In a new project entitled Light-AI For Cognitive Power Electronics, researchers from the Department of Energy Technology and Department of Computer Science at Aalborg University will combine AI and energy research to design and develop power electronics that can adapt to dynamic operation settings and predict failures.
The project is one of three new projects, which the VILLUM VELUX Foundation has granted AAU.
Professor Huai Wang from the Department of Energy Technology explains:
- Power electronic converters play an essential role in not only wind power generation, but also other electrical energy-based systems, such as photovoltaics, e-mobility, and industrial automation. Thus, optimizing the operations of converters and monitoring the health status of these are critical to the efficiency and security of energy supply.
Cognitive power electronics that can make self-adapting decisions
However, in the field of PE research, some challenges prevail. One of these challenges concerns operation optimization. Huai Wang explains:
- Existing PE converters have limited adaptabilities under dynamic operation conditions, such as fluctuating wind speeds. In the end, this means less efficient energy conversion. But with the continued digitalization, increasing amounts of data become available, which provides a solid foundation to explore new ways to enable cognitive power electronics that can make self-adapting decisions.

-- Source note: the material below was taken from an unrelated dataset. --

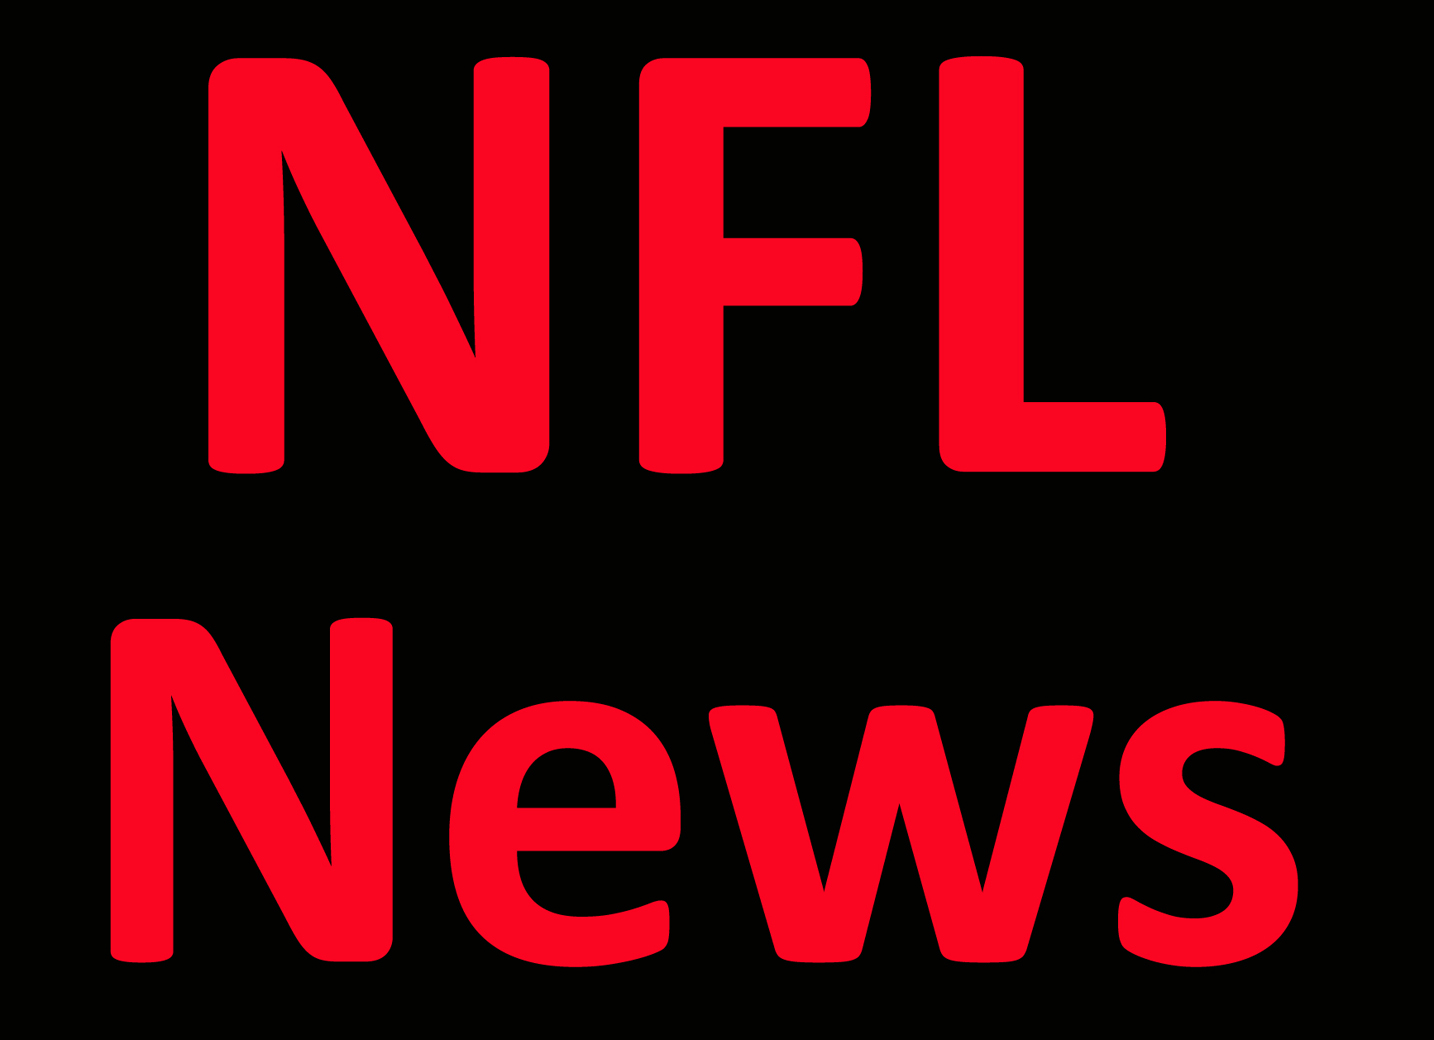 NFL News: ‘You are a plum fool’: Arizona Cardinals teammates defend QB Per Report
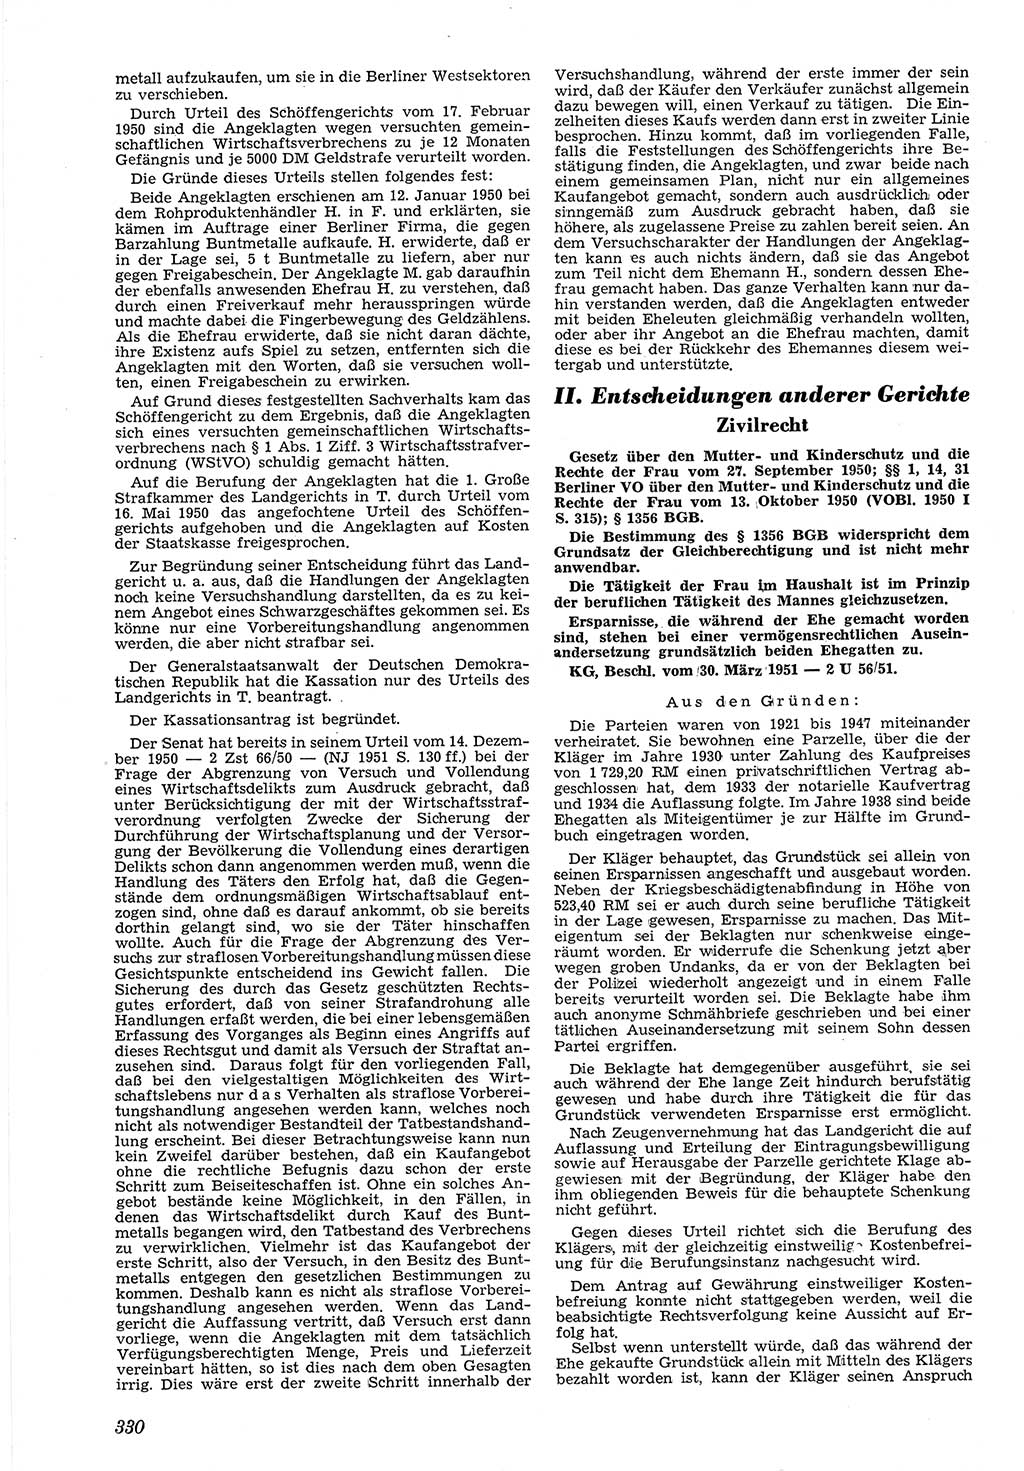 Neue Justiz (NJ), Zeitschrift für Recht und Rechtswissenschaft [Deutsche Demokratische Republik (DDR)], 5. Jahrgang 1951, Seite 330 (NJ DDR 1951, S. 330)

In the project, Huai Wang joins forces with professor Bin Yang from the Department of Computer Science. Together, they will design so-called computation-light AI for power electronic converters that do not have powerful computation units.
- Existing state-of-the-art algorithms that give the best accuracy are often computational heavy, which cannot be used in PE. This motivates us to invent computation-light models and algorithms without significant accuracy loss, Bin Yang explains.
Only minimal data available
The researchers not only aim to develop self-adaptive power electronics. They also strive to design power electronics with self-awareness of health status by employing data collected from existing sensors.
But the amount of data about malfunctioned power electronics are often much less than data for well-functioned power electronics. This calls for algorithms that can utilize minimal data, Bin Yang says:
- When a wind turbine is approaching its designed service life, decision making is needed on whether to continue operating or to be replaced by a new one. We hope to design and develop algorithms, which enables converters to adapt to a derated operation if the health status allows. This way, we can extend its service life without increasing the failure rate.
The project partners will test the designed algorithms in wind and transportation applications, and they hope to both advance AI research and address scientific challenges in PE research.
- Most AI research in universities lacks industrial-sized data sets and case studies. This case study in a real PE operation environment will provide solid proof of the new AI algorithms, which may give inspirations for engineering applications beyond PE, Bin Yang says.
The project LIGHT-AI FOR COGNITIVE POWER ELECTRONICS is funded by the VILLUM FOUNDATION with a grant of DKK 3 million.